Recently the use of laparoscopy for vascular procedures has been limited by difficulties in aortic exposure and anastomosis techniques, as well as the concurrent competitive progress of endovascular surgery. For aortic repair, best results (in terms of long-term patency) have been obtained by conventional surgery which has been associated short-term morbidity and mortality.
Endovascular techniques (which are noninvasive but have less reliable long-term results) as well as video-endoscopic aortic surgery are alternatives to conventional surgery. Minimally invasive surgery benefits include reduced time in intensive care and a shorter hospital stay; a quicker resumption of intestinal transit; less abdominal wall complications; and reduced requirements for anelgesics.
“The goal of total laparoscopic aortic repair is to achieve the same outcome as open repair without invasive laparotomy,” said Jérôme Cau, MD, professor at Poitiers University Hospital in Poitiers, France. “However, specialized training is required to master the procedure and get acquainted with coelioscopic practice necessary for laparoscopic suture.”
Dr. Cau said he and fellow researchers performed a study that completed a retrospective analysis of laparoscopic techniques for vascular procedures in a series of 219 patients, to determine its feasibility for treatment and outcomes with respect to aortic occlusive disease (AOD), abdominal aortic aneurysms (AAA) and aorto-renal bypass in the endovascular era. These findings were presented today at the 63rd Annual Meeting of the Society for Vascular Surgery®.
One hundred and twenty-seven AODs; 80 AAAs and 12 aorto-renal bypasses were studied from the hospital; this series did not include 110 aortic bypass patients operated on in others centers by this team.

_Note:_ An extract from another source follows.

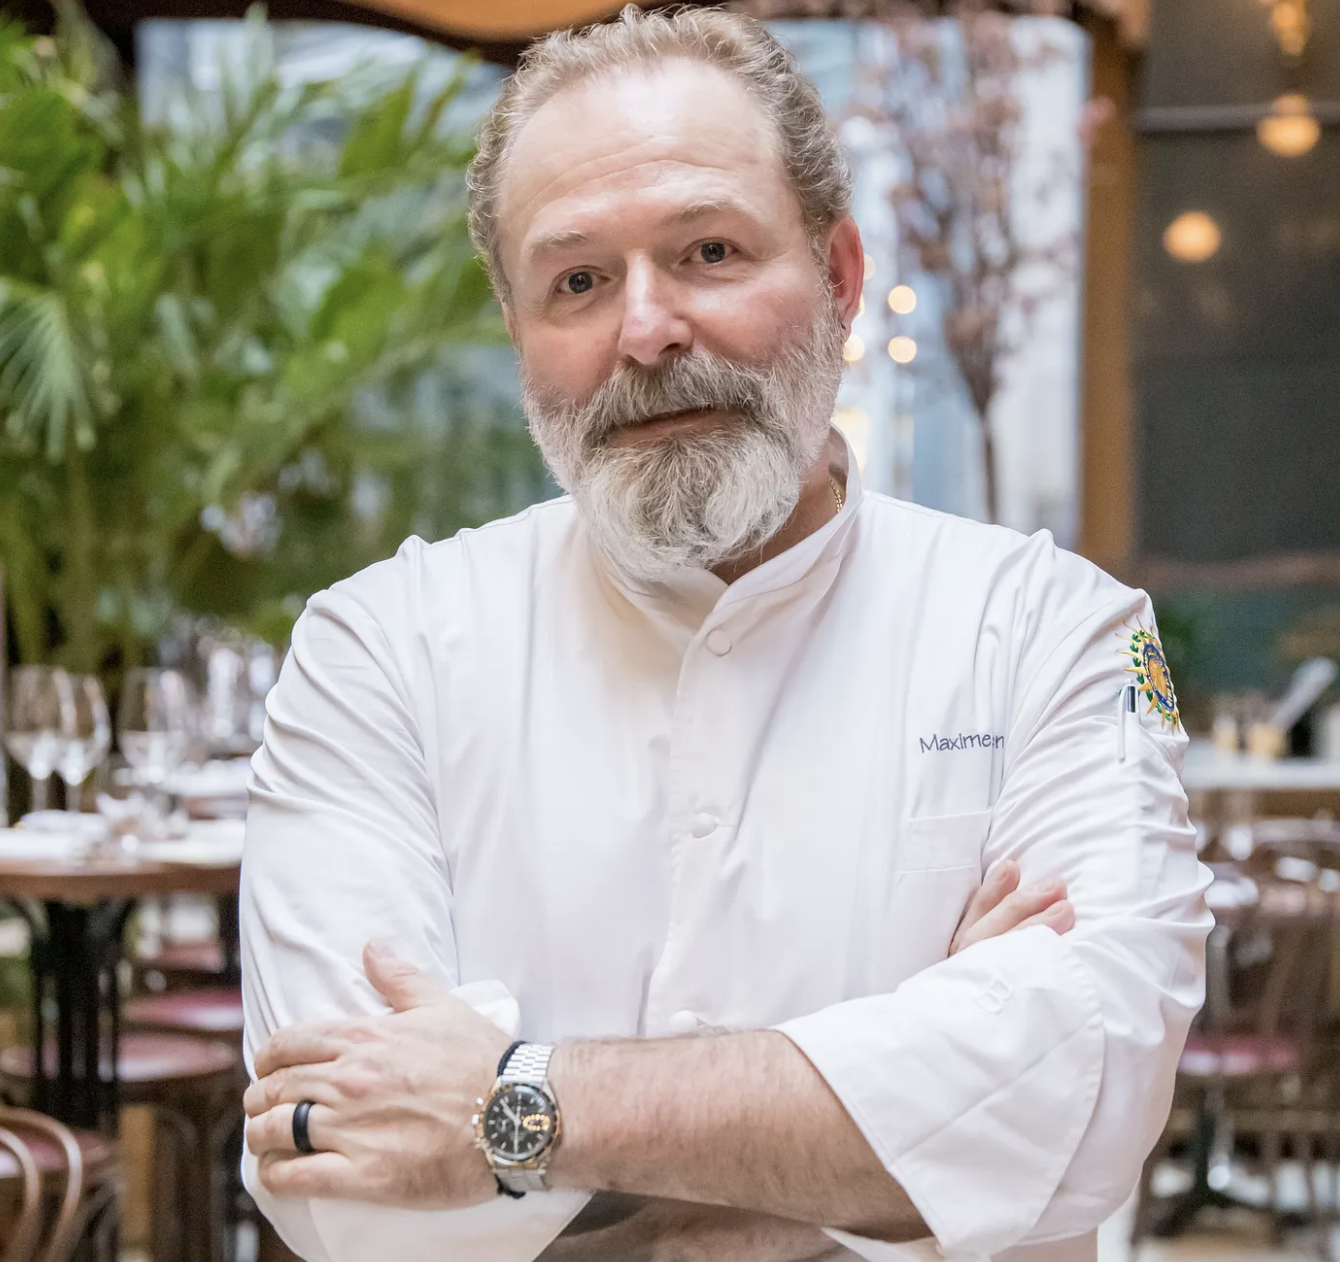 NYC: Manhattan’s La Grande Boucherie Offers a New Springtime Menu led by Executive Chef Maxime Kien
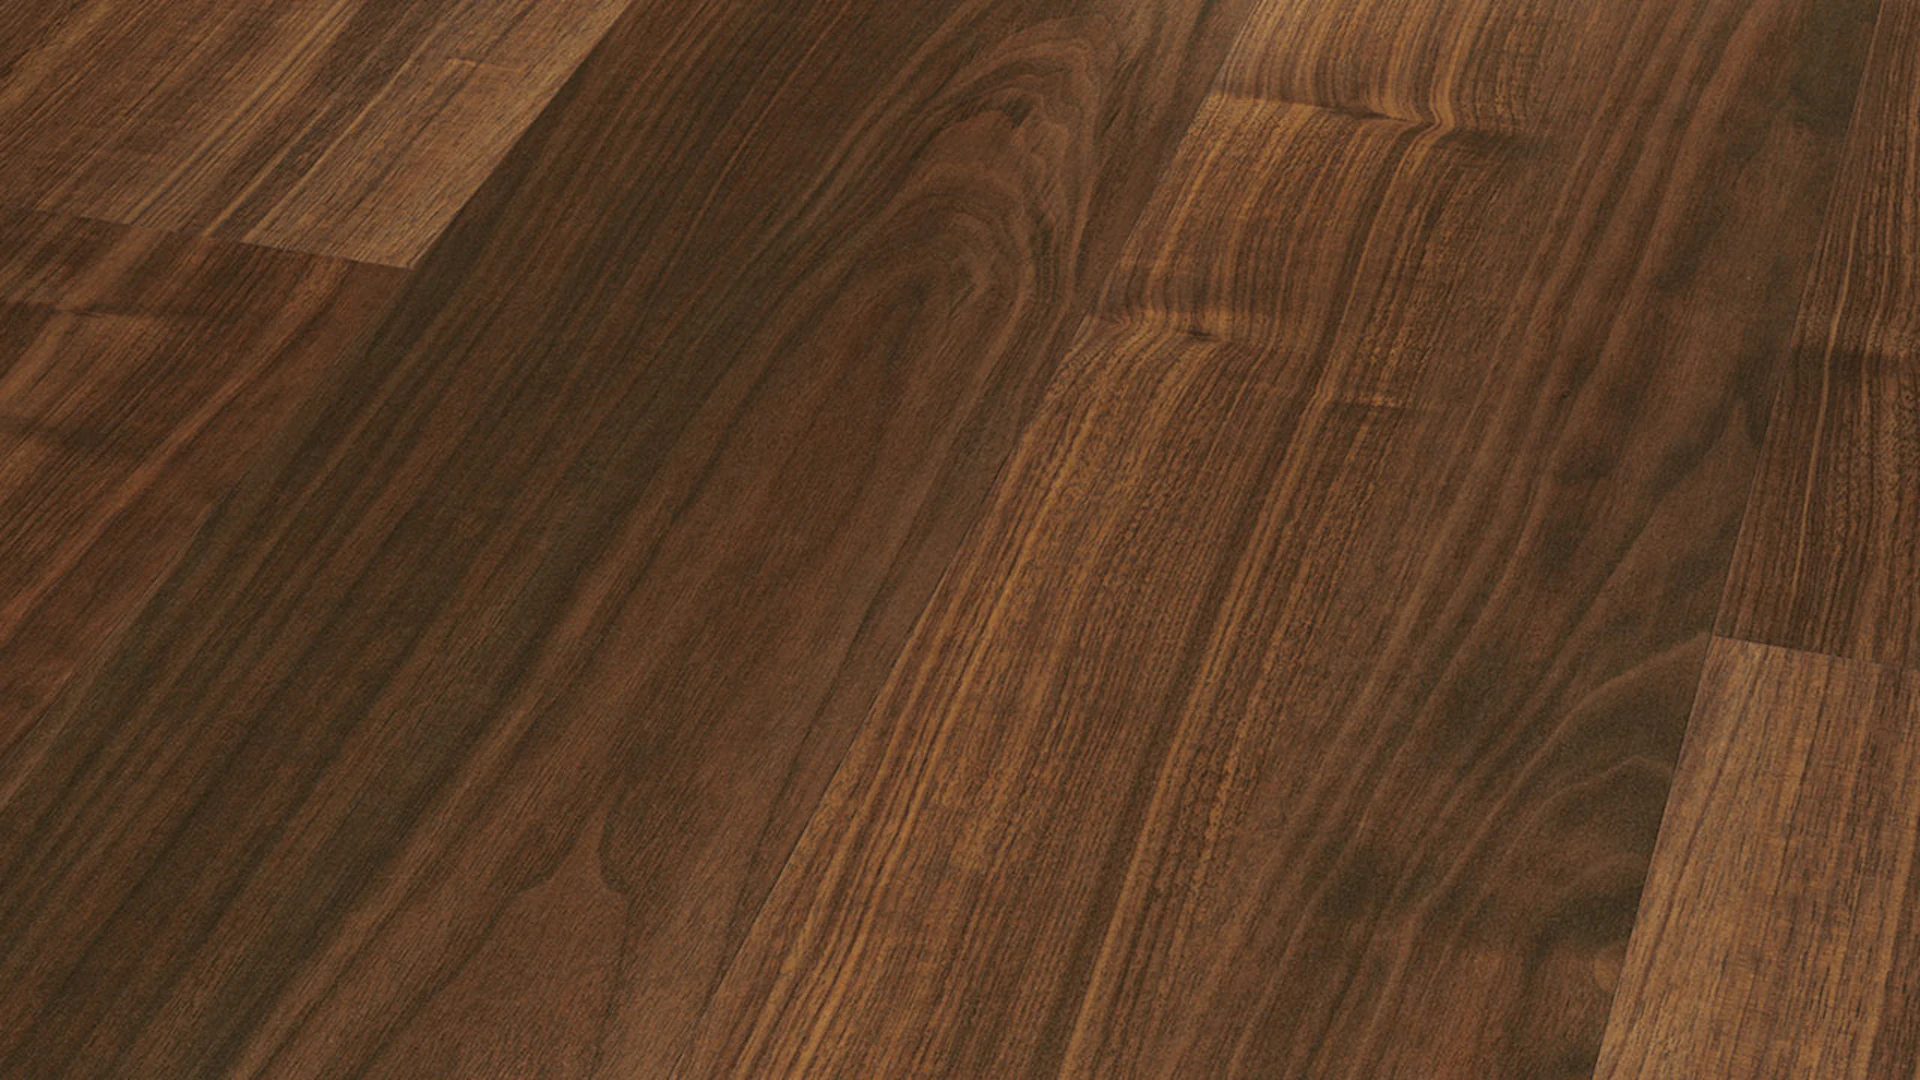 Parador laminate flooring - Basic 200 - walnut - wood texture - 1-plank wideplank

The mean patient age was 61 years and the gender ratio was three men to one woman. The mean operative time of procedures for AOD was 223 (±50) minutes, with a mean clamp time of 56 (±21) minutes. A total of 3.6 percent of AOD procedures had to be converted to open surgeries. For laparoscopic AAA procedures, the mean operative time was 262 (±57) minutes and the mean “clamp time was 103 (±15) minutes. Eight AAAs had to be converted to an open procedure. The 30-day mortality rate was 0.9 percent. Overall mortality rate was 13.4 percent during a mean follow-up time of 16.2 months. The primary assisted patency rate for AAAs and occlusive disease was 100 percent.
Dr. Cau added that as any in any relatively new technique, laparoscopy’s place in vascular surgery remains to be defined. He noted that for aortoiliac occlusive diseases, this technique has shown excellent results and should compete with open repair for the treatment of TASC C & D occlusive diseases.
“Aneurysm repair in laparoscopy has been demonstrated to be feasible and reliable, and in our experience showed promising and satisfactory results,” noted Dr. Cau. “In the aneurysmal pathology we can predict that the competition with endovascular aortic repair (which is becoming the standard) will make laparoscopy more difficult to ‘find its place’ and make room for hybrid techniques. Specific training remains particularly important to reach technical success in laparoscopy and needs to be presented to the young generation of vascular surgeons in university pilot center.”
“Precise indications for this kind of surgery, compared to endovascular and open surgery, remain to be determined by randomized studies,” added Dr. Cau. “Nevertheless, it is a difficult technique. Further development will rely on effective training, advances in technique and instrumentation.”